When tariffs increase the cost of imported components or finished goods, and consumer purchasing power is squeezed by higher prices and a slowing economy (impacting job growth and confidence), discretionary spending is often the first to be cut.  

XLI: Industrials Are Sensitive to Global Trade

Top holdings in the Industrial Select Sector SPDR Fund (XLI) includes companies involved in manufacturing, aerospace, defense, construction and transportation. These businesses are highly sensitive to global trade and economic activity. Tariffs on key inputs like steel, aluminum and other raw materials can significantly raise their production costs.  

A slowing economy also means reduced demand for new equipment, infrastructure projects and transportation services, directly impacting their revenue and profitability.

XLB: Tariffs Are a Drag on Raw Materials

Led by the Materials Select Sector SPDR Fund (XLB), these sector funds consist of companies that produce raw materials such as chemicals, metals, mining products (like copper) and construction materials. These industries are at the base of many supply chains and are highly cyclical. 

Tariffs can directly impact the cost of cross-border material flows, and a slowing global economy, especially if it affects major industrial consumers like China, can reduce demand for these fundamental inputs, leading to lower commodity prices and reduced earnings for materials companies.

XLK: Global Supply Chain Weighs on Tech

While parts of technology (like software) can be resilient, the sector, particularly hardware manufacturers and companies with complex global supply chains, is highly exposed to tariff impacts, which would place downward pressure on tech sector ETFs like the Technology Select Sector SPDR Fund (XLK). Many tech products rely on components sourced internationally, and tariffs can increase production costs, leading to higher consumer prices or squeezed margins. 

VNQ: Inflation, Slowing Economy May Ding Real Estate

If the newly passed tax law contributes to broader inflation and higher interest rates (due to increased national debt), it could make borrowing costs for mortgages and new developments more expensive, weighing on sector funds like the Vanguard Real Estate ETF (VNQ)

Furthermore, if the economic slowdown impacts job growth and consumer confidence, the broader housing market could suffer, especially segments not directly benefiting from the high-end tax breaks. The bill's stated aim to reduce investments in energy-efficient homes could also be a minor negative for certain real estate development trends.

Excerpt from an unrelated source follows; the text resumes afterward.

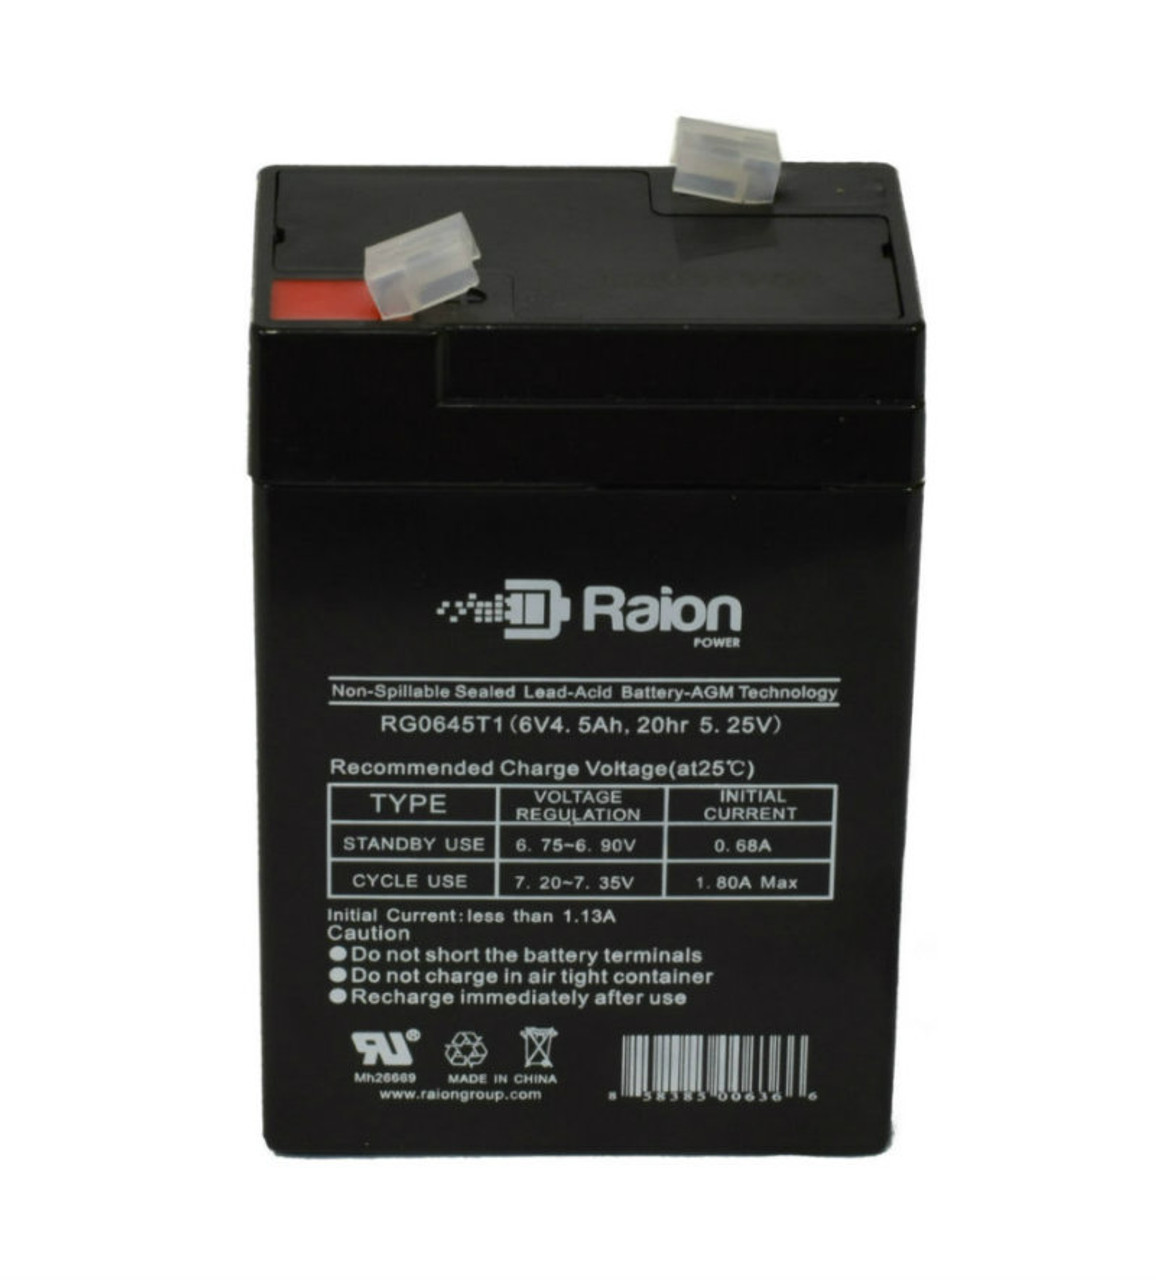 Raion Power RG0645T1 Replacement Battery Cartridge for Koyosonic NP5-6

Related: Market Outlook: Best ETFs for the Second Half of 2025

Final Thoughts on ETFs to Avoid or Underweight Now

While the new tax bill may stimulate parts of the economy, its potential inflationary effects and the existing concerns around tariffs and a slowing economy likely reinforce the caution needed for these five sectors.

While Trump’s tax stimulus may provide some relief for higher-income households, the overriding impact of tariffs on global supply chains and a slowing global economy remain major threats. Furthermore, a tax-cut-related increase in consumer spending without a commensurate increase in supply can also add to inflationary pressures across the board.

With many potential outcomes leading to more cons than pros in 2025’s second half, investors should remain vigilant about how the above macro forces play out on a sector-by-sector basis.

Disclaimer: This article is for informational purposes only and does not constitute financial advice. Investing in ETFs involves risks, and investors should carefully consider their investment objectives and risk tolerance before making any investment decisions.

At the time of publication, Kent Thune did not hold a position in any of the aforementioned securities.